ABOUT THIS EXERCISE
Could you return the data that follows exactly, minus the images?

RECORDED DATA
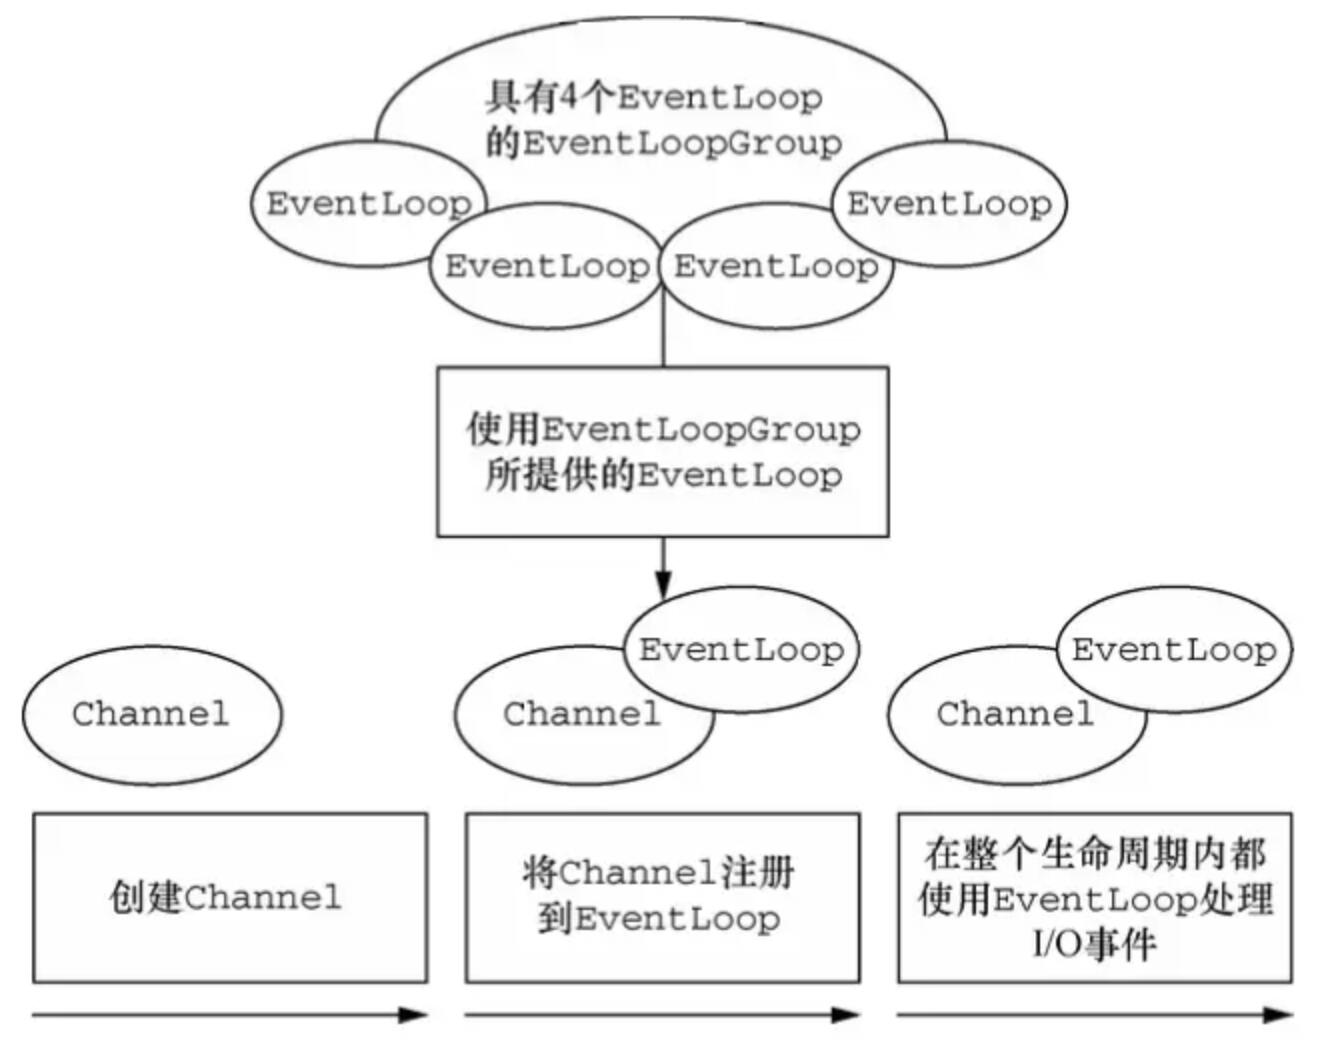 Channel-EventLoop-EventLoopGroup
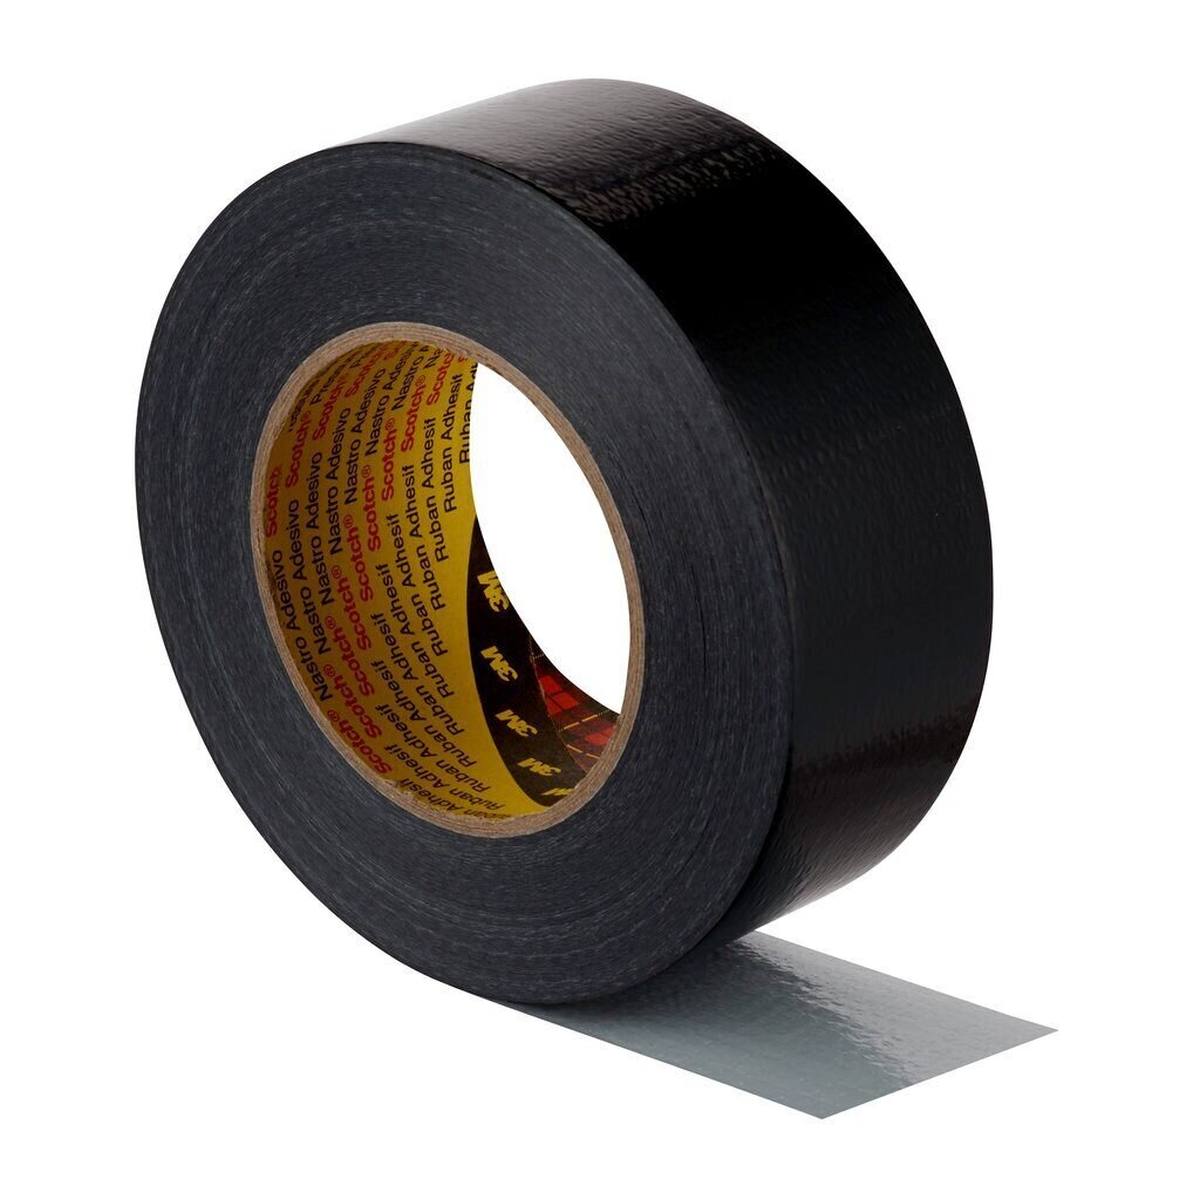 3M textielfolie plakband 2904, zwart 48mm x 50m, 0.19mm
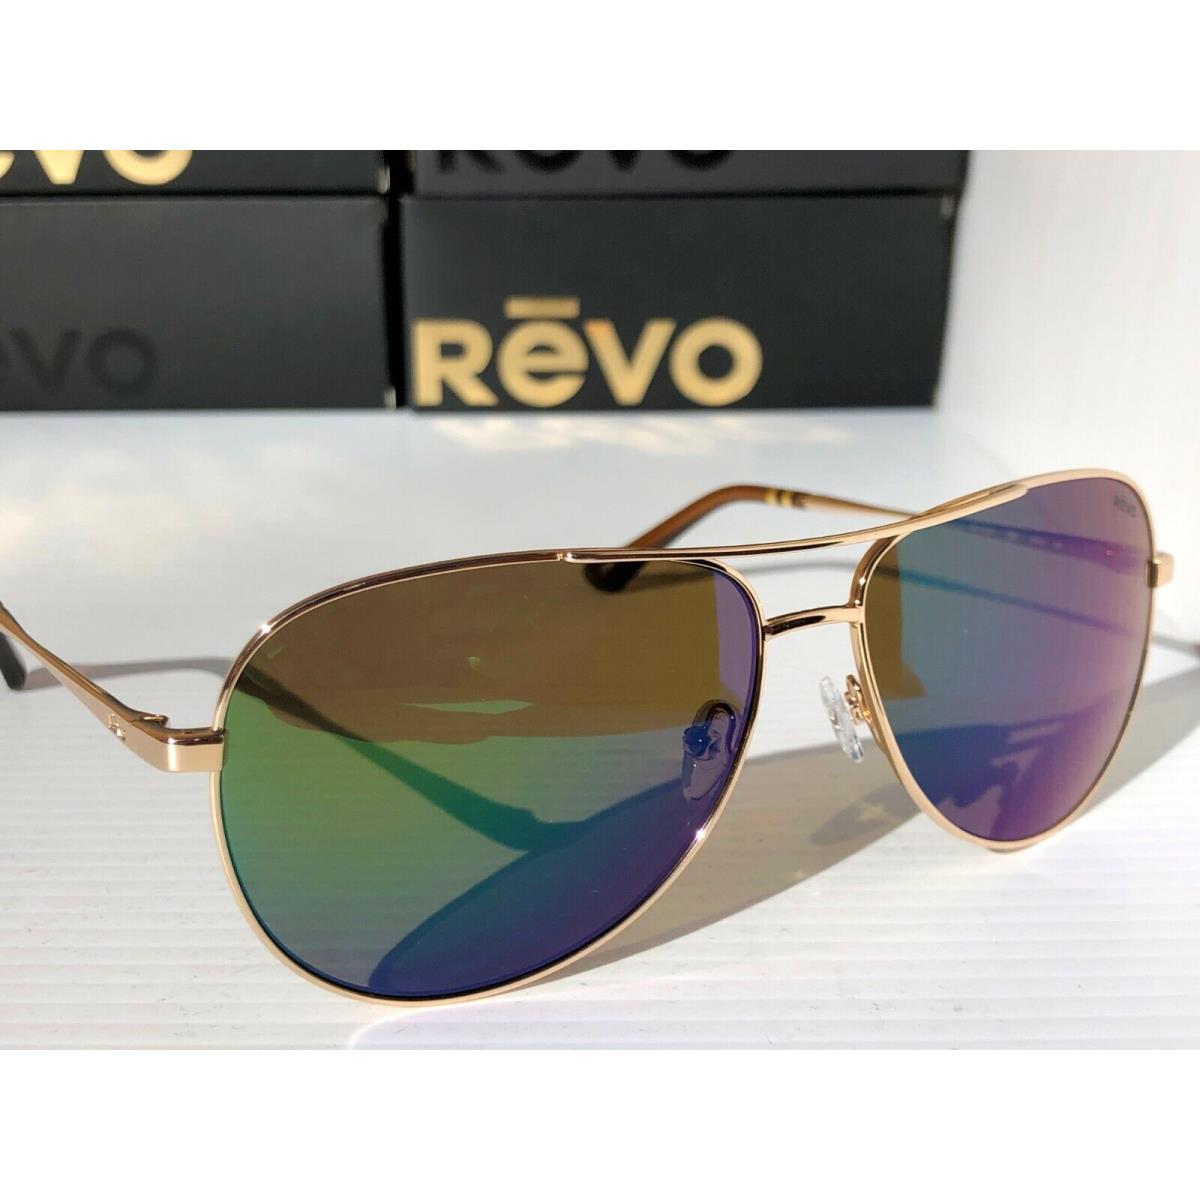 Revo sunglasses SALLY HERSHBERGER - Gold Frame, Green Lens
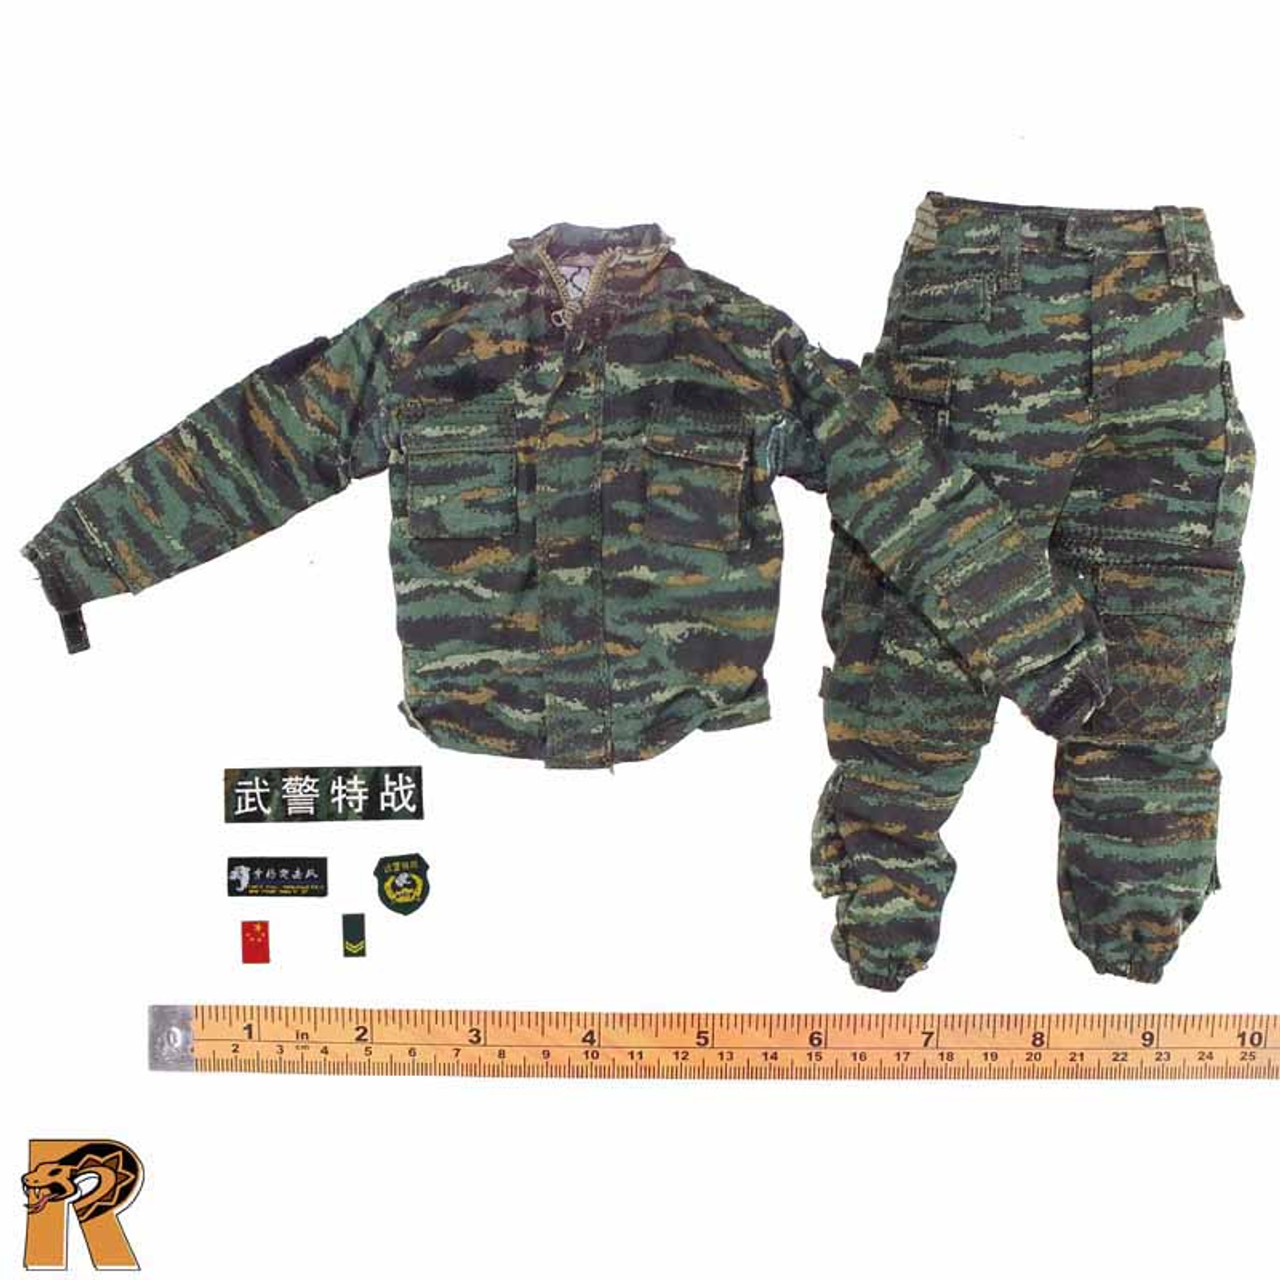 PAP Snow Leopard  - Camo Uniform - 1/6 Scale

RESPONSE TO THE EXERCISE
 Channel-EventLoop-EventLoopGroup
 3M textielfolie plakband 2904, zwart 48mm x 50m, 0.19mm
 Revo sunglasses SALLY HERSHBERGER - Gold Frame, Green Lens
 PAP Snow Leopard  - Camo Uniform - 1/6 Scale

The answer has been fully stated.